Voir plus loin que le bout de son nez


L’idée est simple : « que se serait-il passé sans chemin de fer ? ».  L’objectif est de proposer une évaluation du « surplus économique » généré par le rail, c’est à dire l’innovation (ou l’investissement). Je vous rassure, le résultat est positif… mais sensiblement moins qu’on ne le pense. Mais si Michel Chevalier pensait déjà « système » en 1832 (en se trompant, bien entendu, sur les perspectives à long terme), les promoteurs, eux, ne pouvaient que solliciter la réalisation de projets bien plus modestes. Nous en sommes donc réduits au même problème. Evaluer un projet dans un contexte futur imaginable.  Or ce qui pèche généralement c’est que ce contexte est précisément non pris en compte, ou du moins fort mal. On suppose donc la rupture vertueuse, puissante, efficace. L’examen des mega-projets comme Lyon-Turin Ferroviaire est de ce point de vue révélateur. Lorsqu’on examine l’ensemble du corridor européen a milieu duquel il se situe, on est frappé de voir à quel point ce projet de 25 milliards d’€ se situe sur un axe hétérogène, inégal, qui pénalisera l’emblée la visée continentale du projet. Les liaisons inter-bassins nous « vendent » un gabarit généreux… mais en réalité ridiculement petit par rapport à celui des grands fleuves et de leurs embouchures.  Ces handicaps sont bien entendus ravageurs pour les perspectives réelles de gain de trafic.  On l’a déjà rappelé, mais le super canal Main-Danube n’a rien apporté. Ni report, ni induction.  A vrai dire ce double échec est dramatique, révélateur.  On pourrait même dire que c’est la représentation du monde qu’on les promoteurs et leurs bureaux d’étude qui est ici en cause.   Naïve ou trompeuse ? En examinant en effet le détail (Ah ! les détails !) des prévisions de trafic du tunnel sous la Manche, j’ai trouvé des trafics « reportés » totalement improbables, comme ces conteneurs maritimes venant de Zeebruges empruntant le tunnel vers Londres, ou, pour le projet de canal Saône-Rhin des trafics entre la Scandinavie et la péninsule ibérique. On ratisse ici bien large, sans justification sérieuse. Erreur technique, incompétence, manipulation… on ne sait. C’est comme cette obstination à prétendre que des flux entre Barcelone ou Valence et Gènes prendront préférentiellement le chemin de fer via le Fréjus (nouveau !), plutôt qu’un navire RoRo moins cher. Même si cela était possible, encore faudrait-il l’expliquer, le justifier ! 

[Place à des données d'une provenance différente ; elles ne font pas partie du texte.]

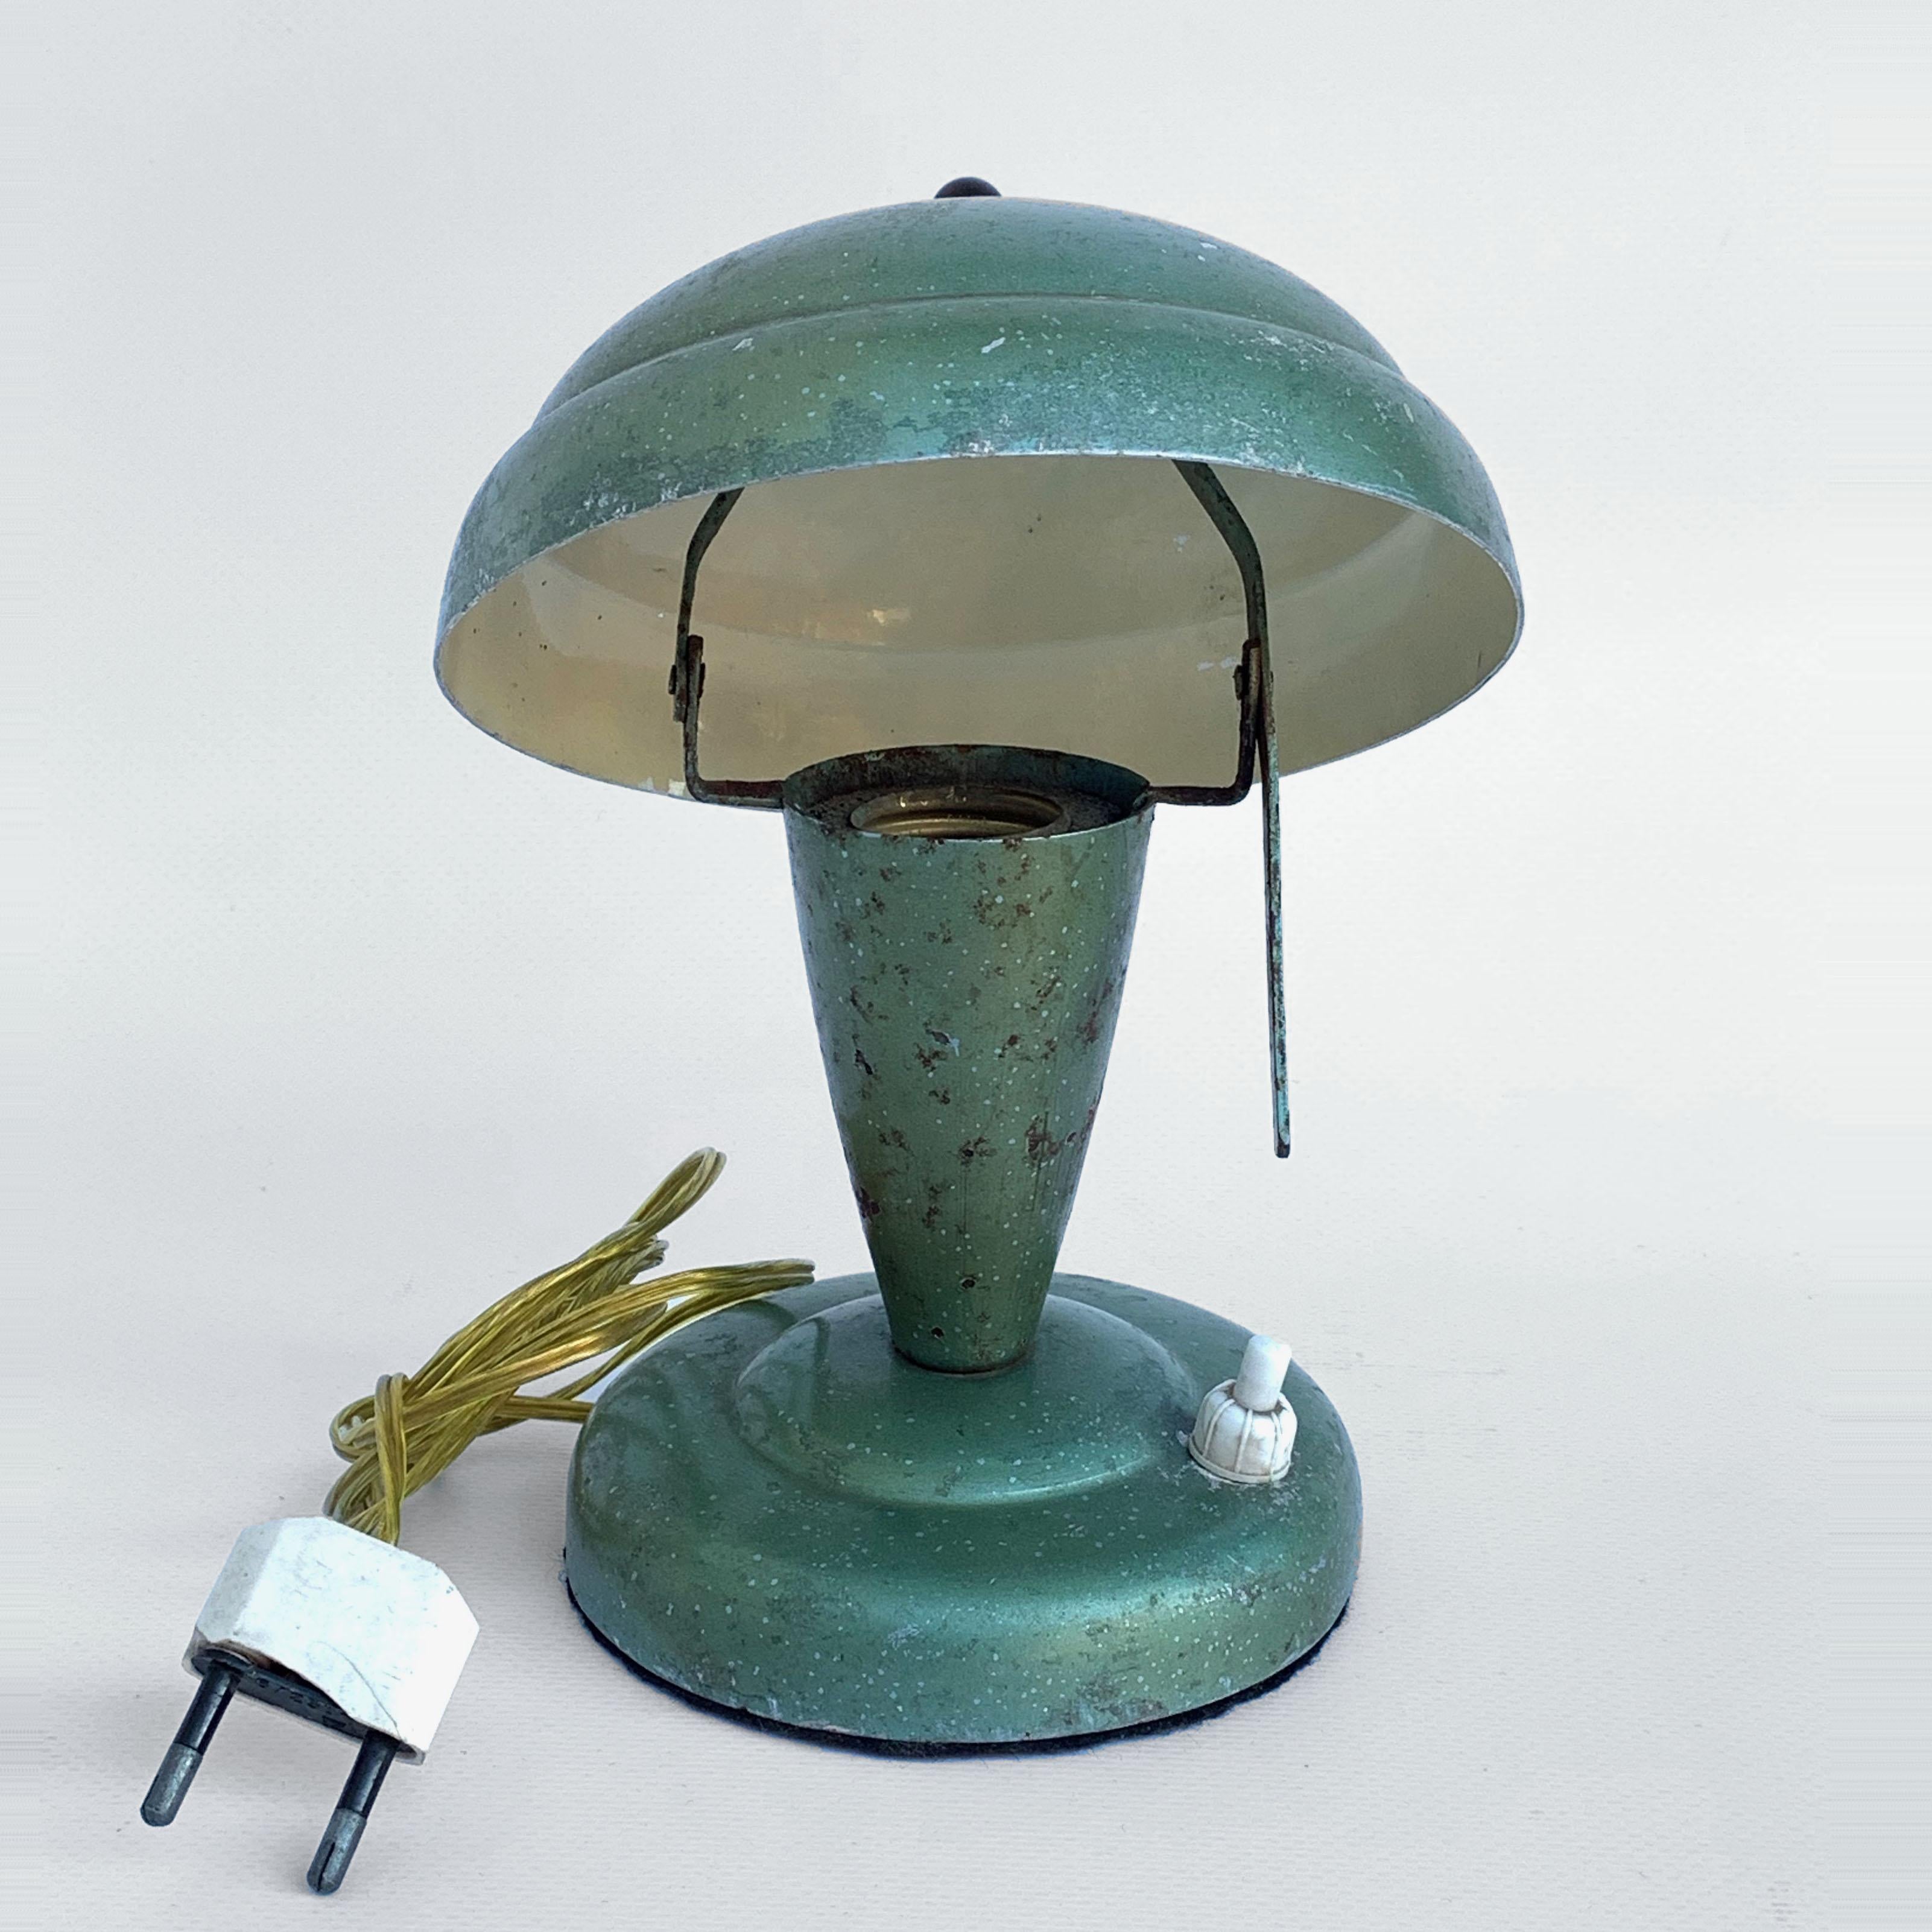 Bezaubernde Art Deco Nachttischlampe, vermutlich von Fog & Mørup in Dänemark hergestellt. Sockel und Lampenschirm aus grün lackiertem Metall. Der Schatten kann auf beiden Seiten der Mitte gekippt werden. Aufgeladen, aber die originalen Fassungen der

La réflexion politique sur les transports passe à la trappe 


Bref, cette façon de faire conduit globalement à une surestimation de l’impact des projets, dans un contexte de sous-estimation des coûts et des délais, et « valorise » donc excessivement l’utilité des investissements. La dérive - coupable ou non - aboutit hélas à une minimisation corrélative dans la conception même des politiques. Puisqu’il suffit de mettre en œuvre des mega-projets au rendement annoncé impressionnant, la réflexion sur les politiques concrètes passe à la trappe.  Exit le monde réel. La réflexion, est ainsi confisquée, tout comme la décision.  Et on se contentera de l’arme la plus commode qui soit. La politique fiscale et le discours moral. L’émotion l’emporte alors sur toute analyse objective. On taxe les méchants, stigmatise les déviants et loue les milliards déversés sur des projets symboliques. 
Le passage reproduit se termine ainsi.